Problem to solve >> Your answer must be the full listing, word for word, with no images in it.

Data extract >>
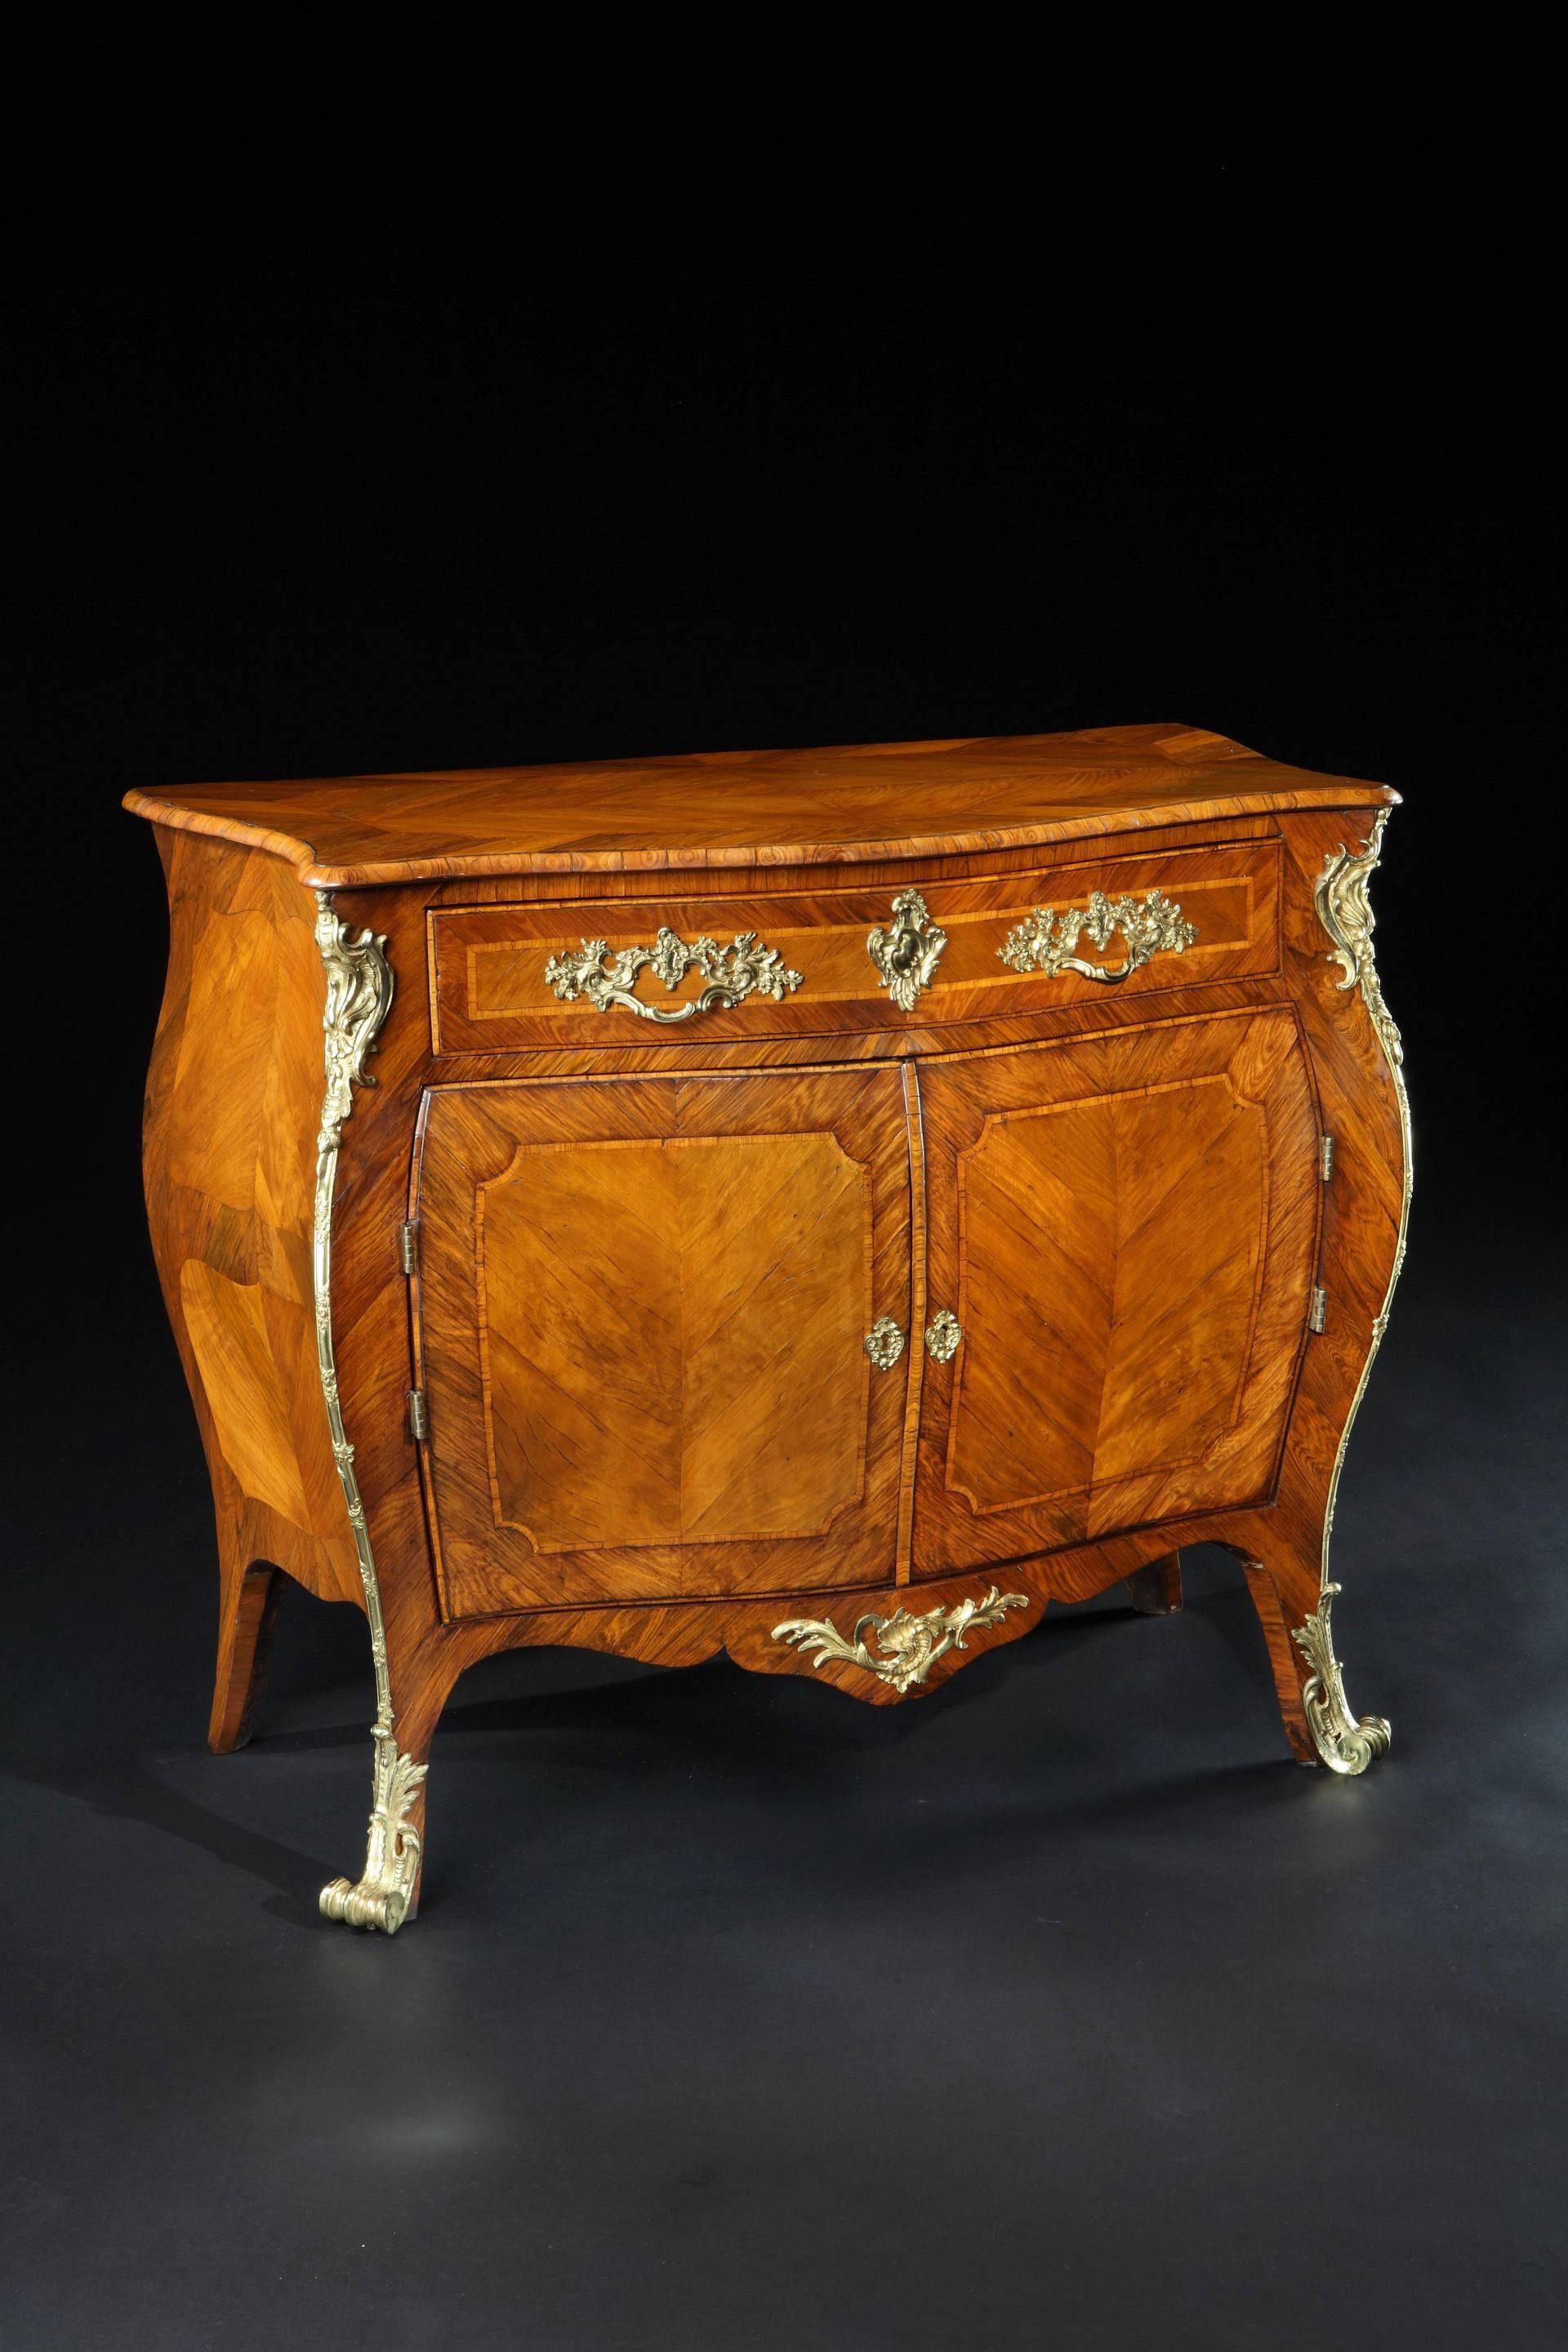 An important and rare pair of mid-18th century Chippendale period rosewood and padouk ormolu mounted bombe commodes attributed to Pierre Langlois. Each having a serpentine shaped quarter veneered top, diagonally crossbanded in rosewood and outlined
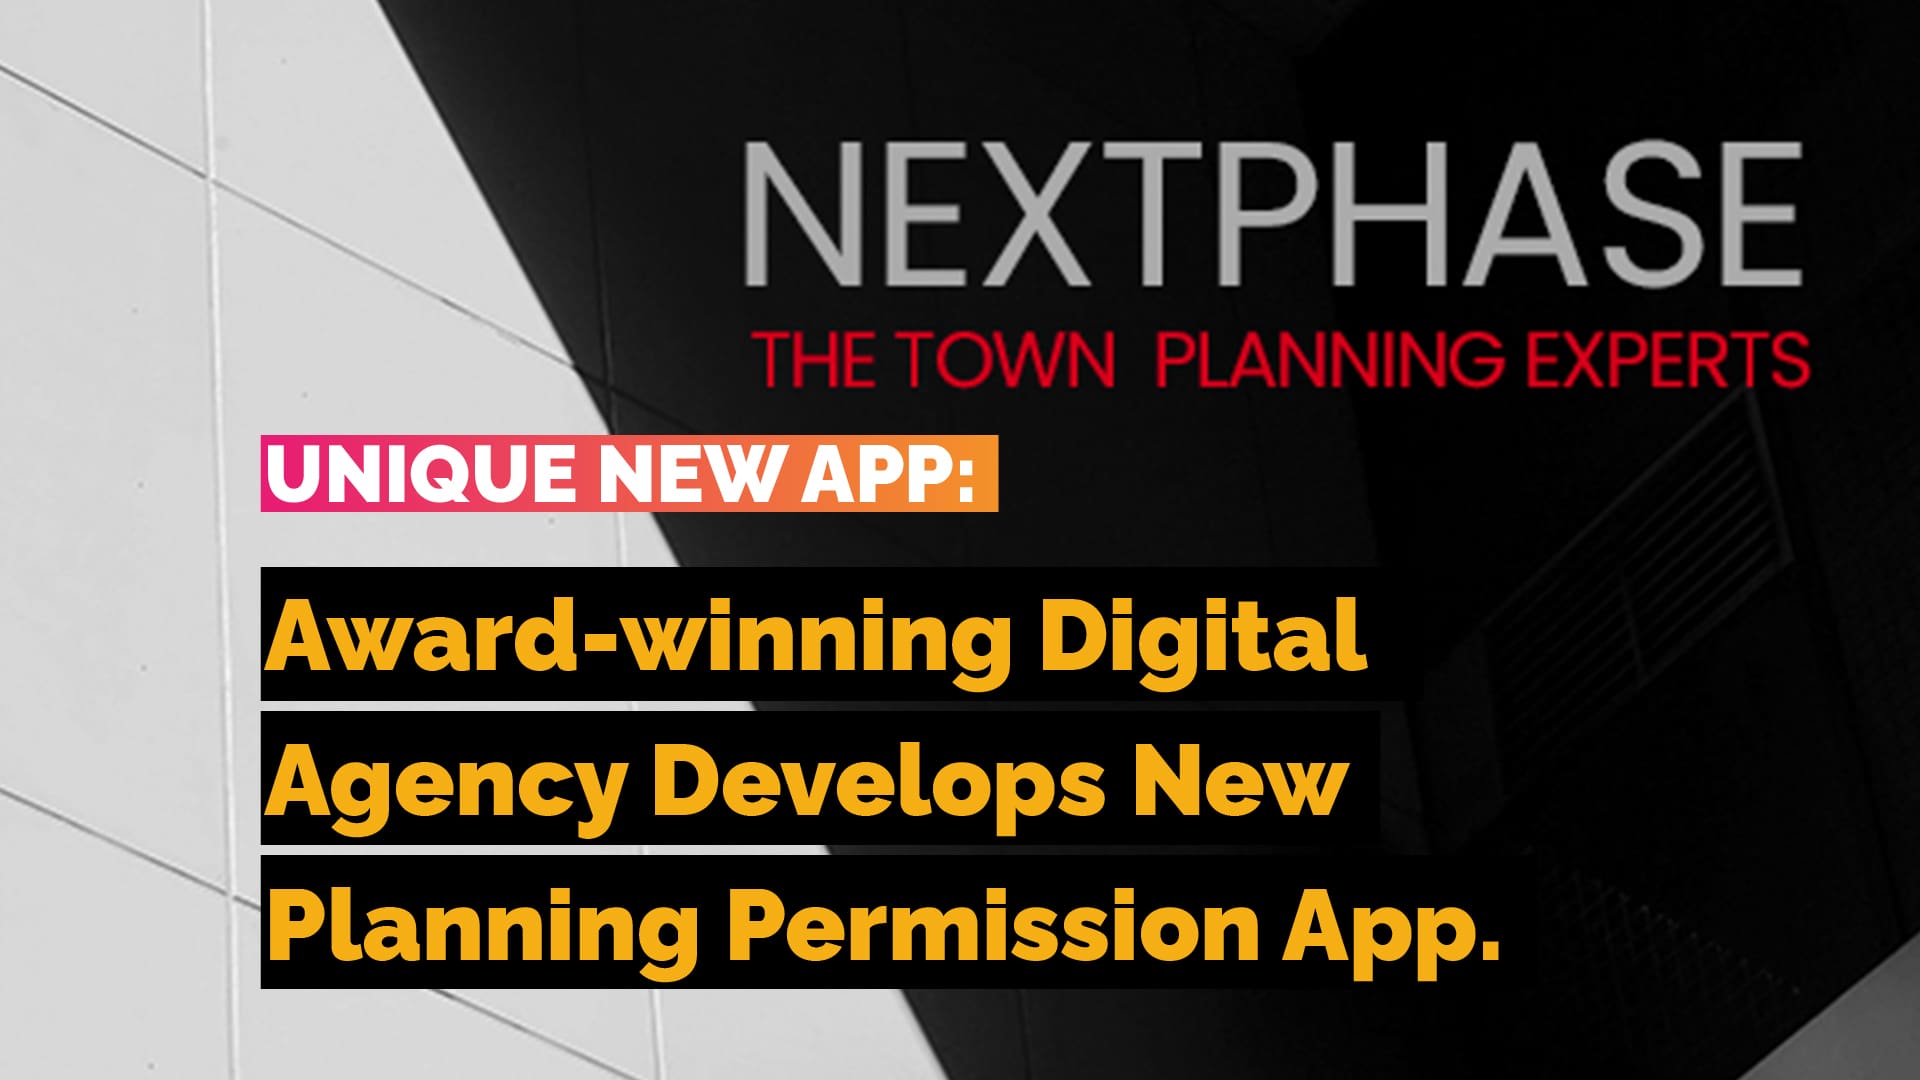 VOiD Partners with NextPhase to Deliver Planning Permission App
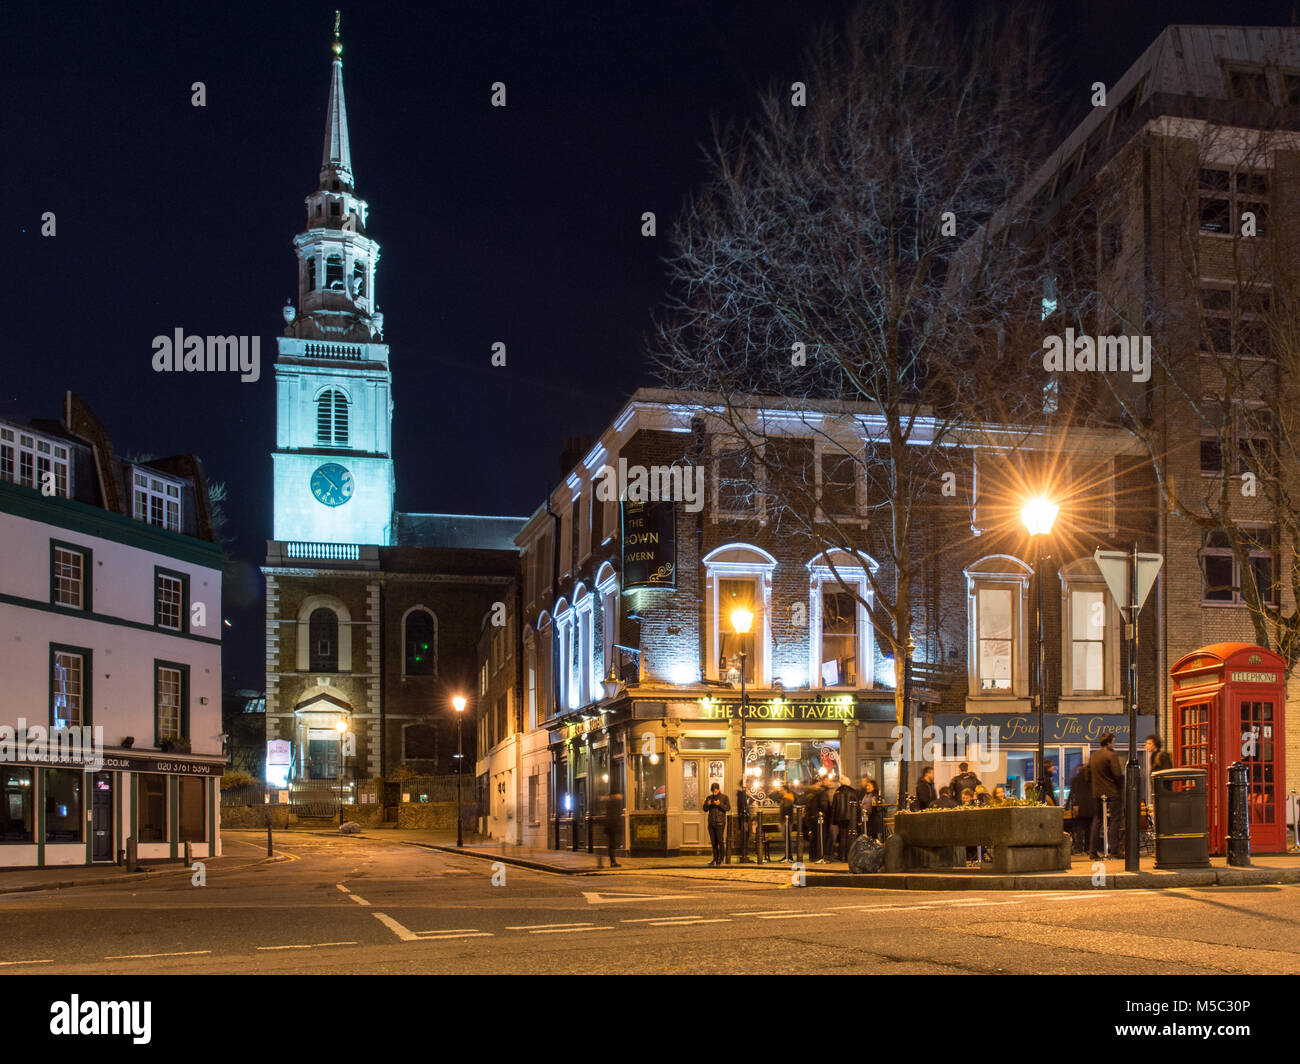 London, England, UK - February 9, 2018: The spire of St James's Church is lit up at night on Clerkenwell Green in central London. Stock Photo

Result for this task >>
 An important and rare pair of mid-18th century Chippendale period rosewood and padouk ormolu mounted bombe commodes attributed to Pierre Langlois. Each having a serpentine shaped quarter veneered top, diagonally crossbanded in rosewood and outlined
 VOiD Partners with NextPhase to Deliver Planning Permission App
 London, England, UK - February 9, 2018: The spire of St James's Church is lit up at night on Clerkenwell Green in central London. Stock Photo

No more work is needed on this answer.